TENTATION DE TRAHISON
Jb 13, 1-16
Mercredi Saint - Célébration pénitencielle de réconciliation - année C ( 11 avril 2001)
Homélie du Frère Jean-François NOEL
Je suis confronté, et peut-être que nous sommes également confrontés, dans chaque Carême à notre impossibilité de trouver le moyen de suivre Jésus par nous-mêmes. C'est vrai que le Carême nous permet de redessiner ce qu'est Dieu, face à cette faiblesse. Au fond, il faut abandonner même l'envie de lui plaire et chercher davantage ce qu'il est, sa personne, sa force. Et j'ai eu envie ce soir, avant d'avoir envie de me réconcilier avec vous et avec Lui, et de vous inviter à cette réconciliation, de convoquer les plus audacieux de l'Écriture, ceux qui ont osé penser qu'on pouvait dire à Dieu le pire, et que Dieu ne bougerait pas. Je me fais le porte-parole de ceux qui ne sont pas là ce soir, de ceux qui se sont éloignés de Dieu par déception.

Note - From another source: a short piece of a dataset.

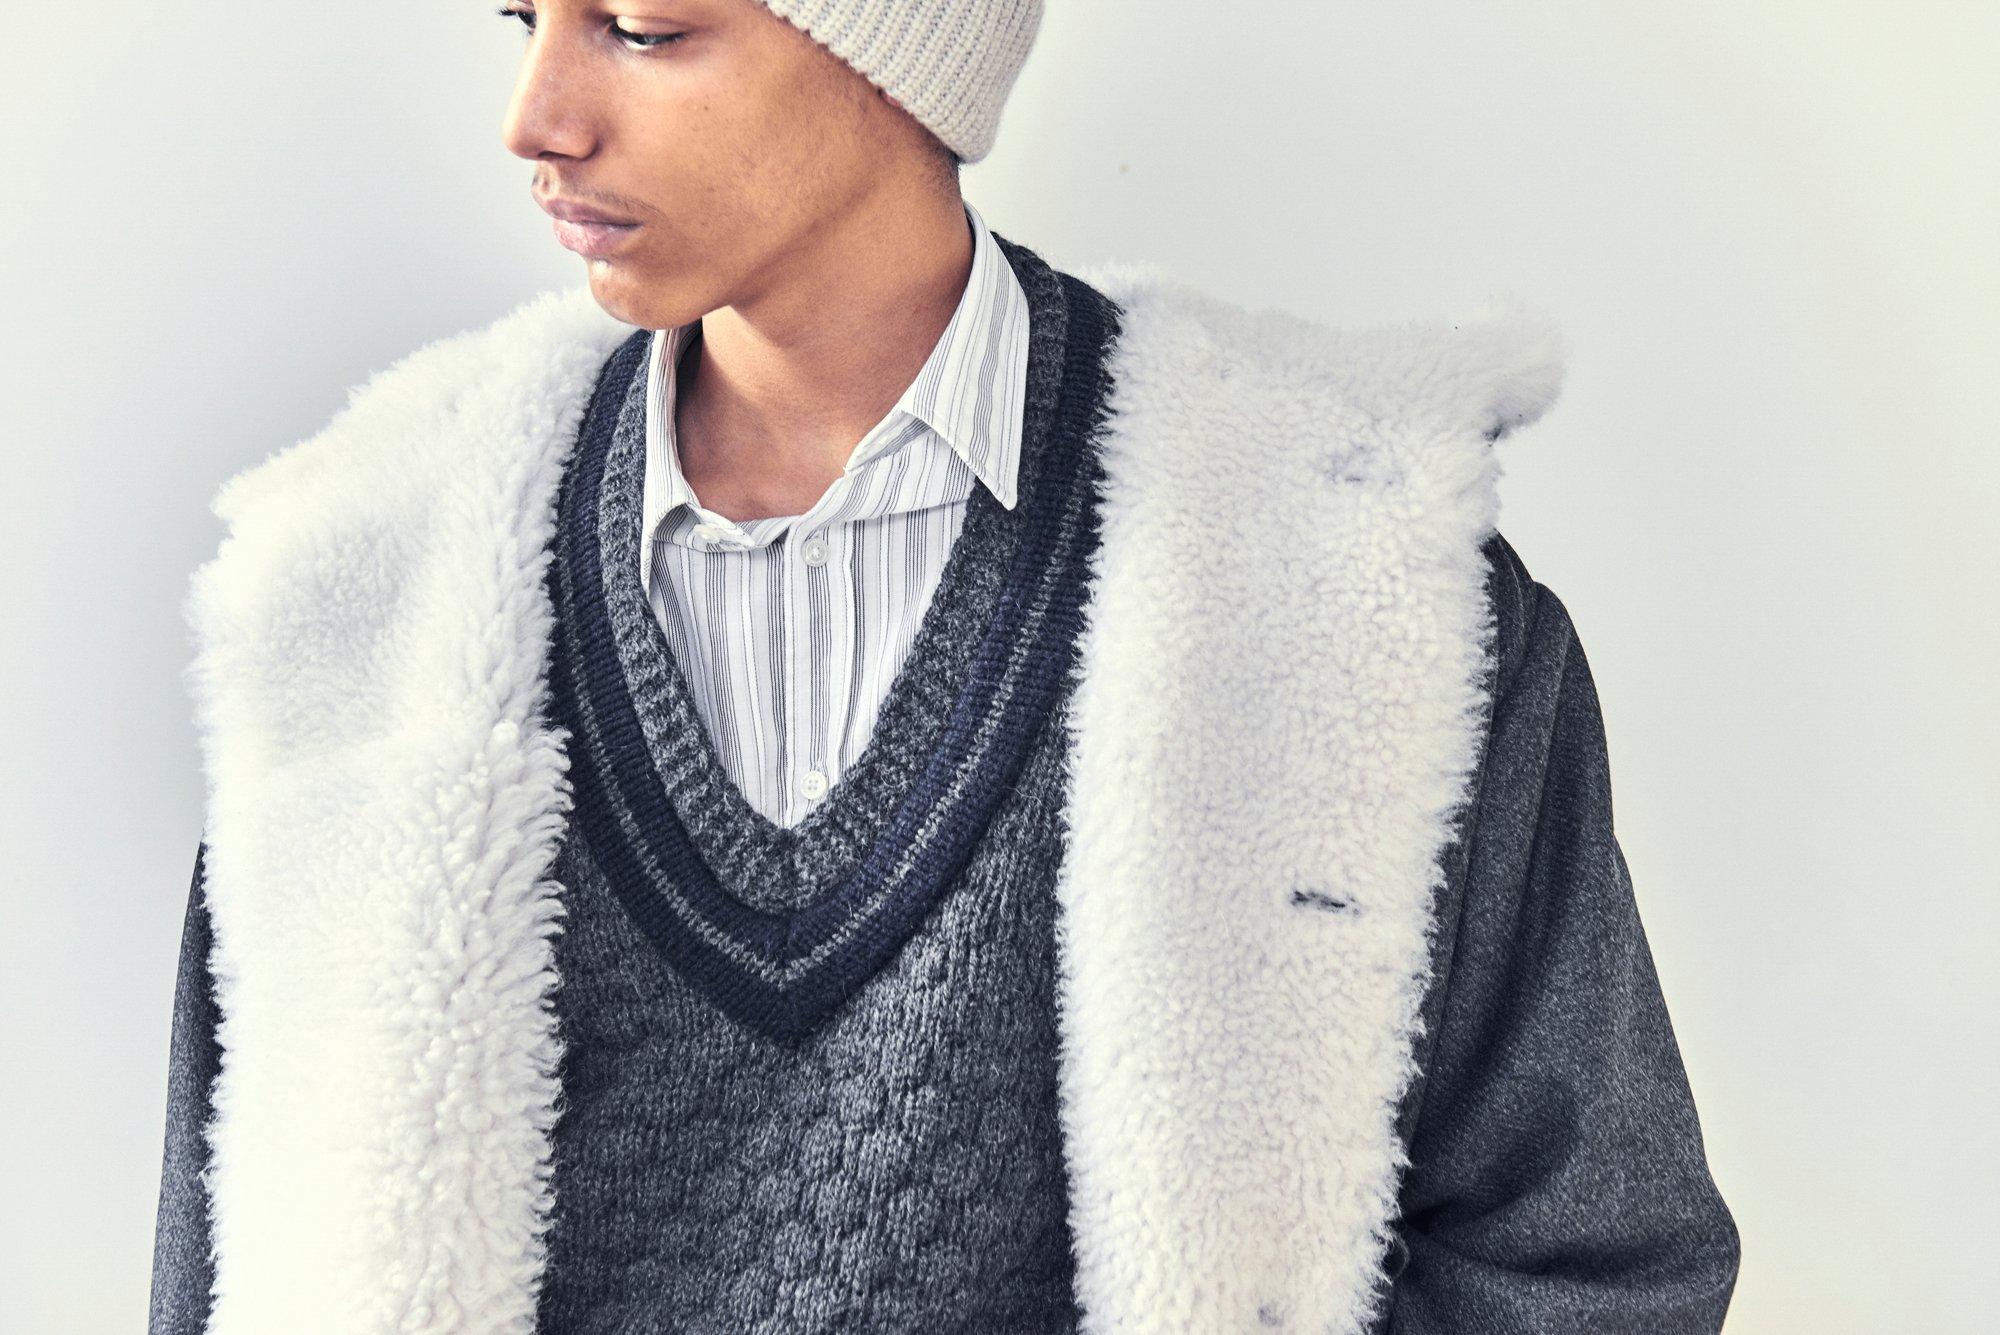 BOSS 2018 秋冬男装纽约时装秀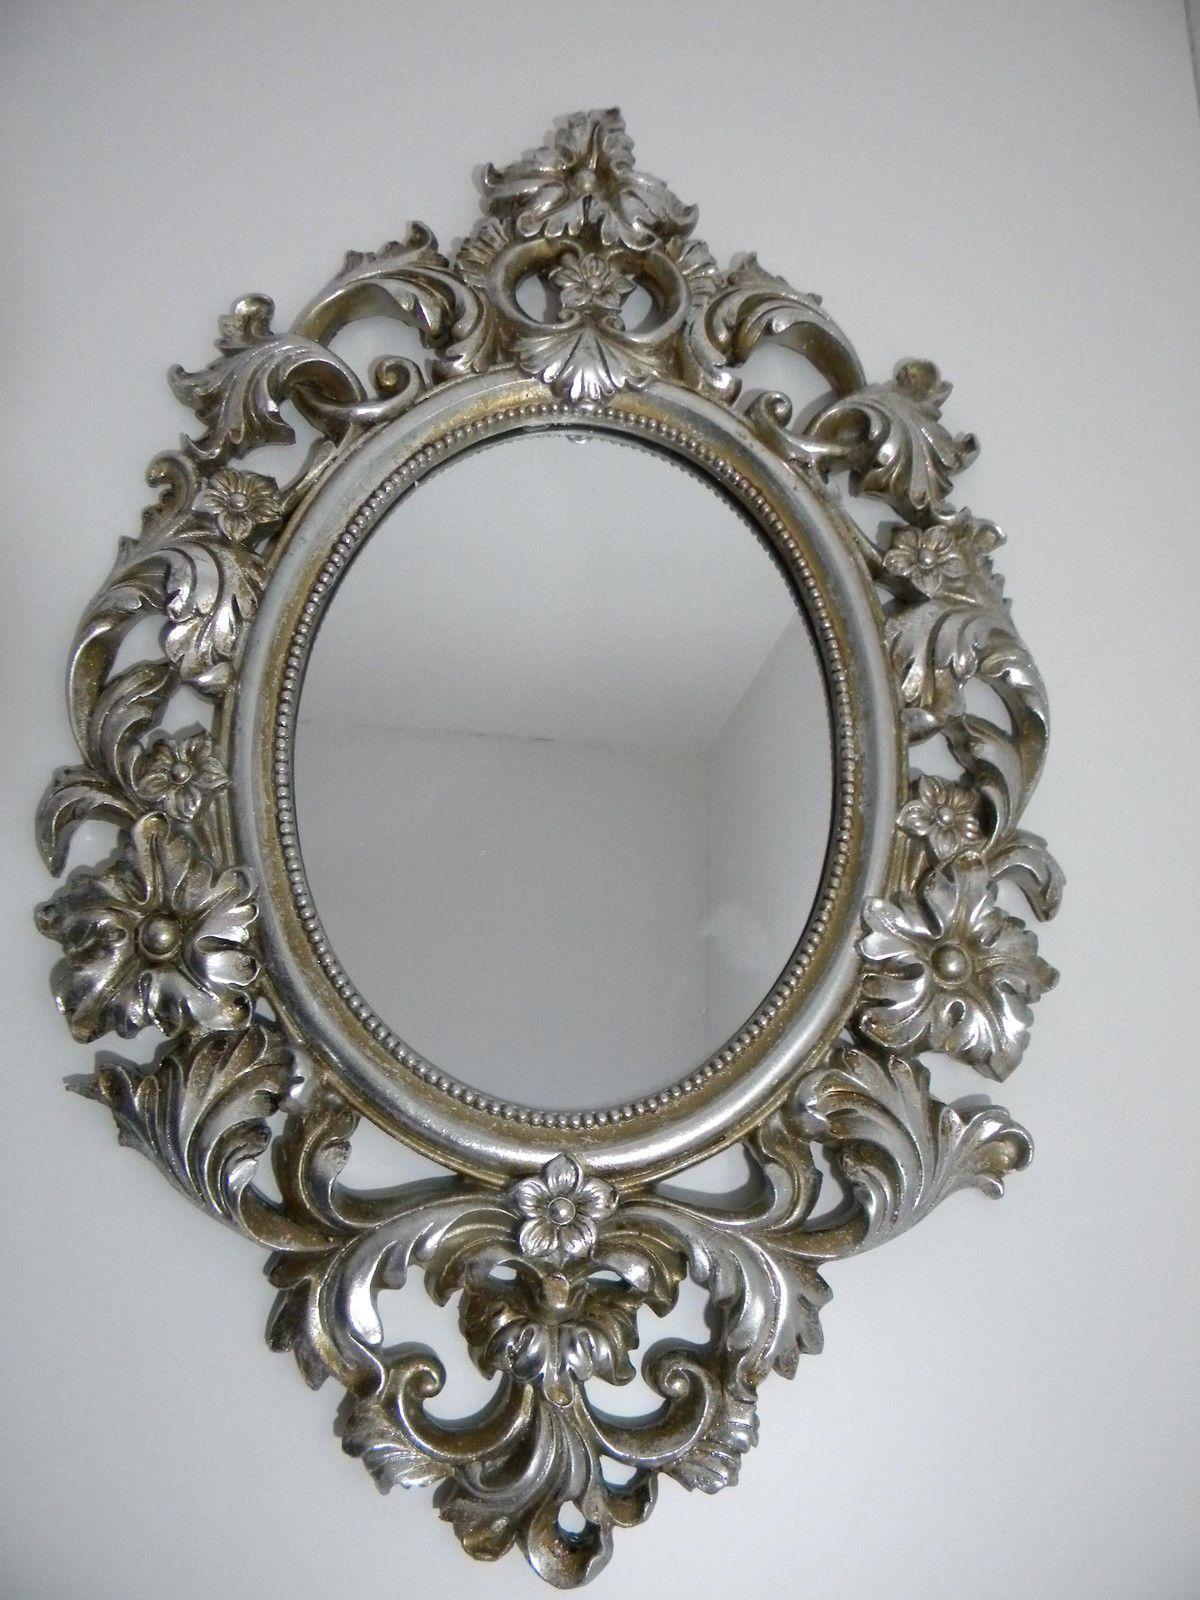 http://www.ebay.de/itm/Wandspiegel-Prunkspiegel-Ornament-verzierter ...

Après tout, si nous sommes envoyés ici en ambassade de réconciliation, ce n'est pas simplement pour nous, mais c'est au nom du salut du monde et de la Gloire. Donc nous devons porter ici devant Dieu, ceux qui ne sont pas rentrés, ceux qui ne rentreront plus parce qu'ils ne peuvent plus, parce qu'ils ne veulent plus, les déçus. Pas les déçus de la vie, ni les blessés de la vie, nous en sommes tous, mais les déçus de Dieu. Ceux qui l'ont interrogé, ceux qui ont voulu l'approcher, et qui n'ont pas obtenu comme Job, et surtout comme Judas, de réponse.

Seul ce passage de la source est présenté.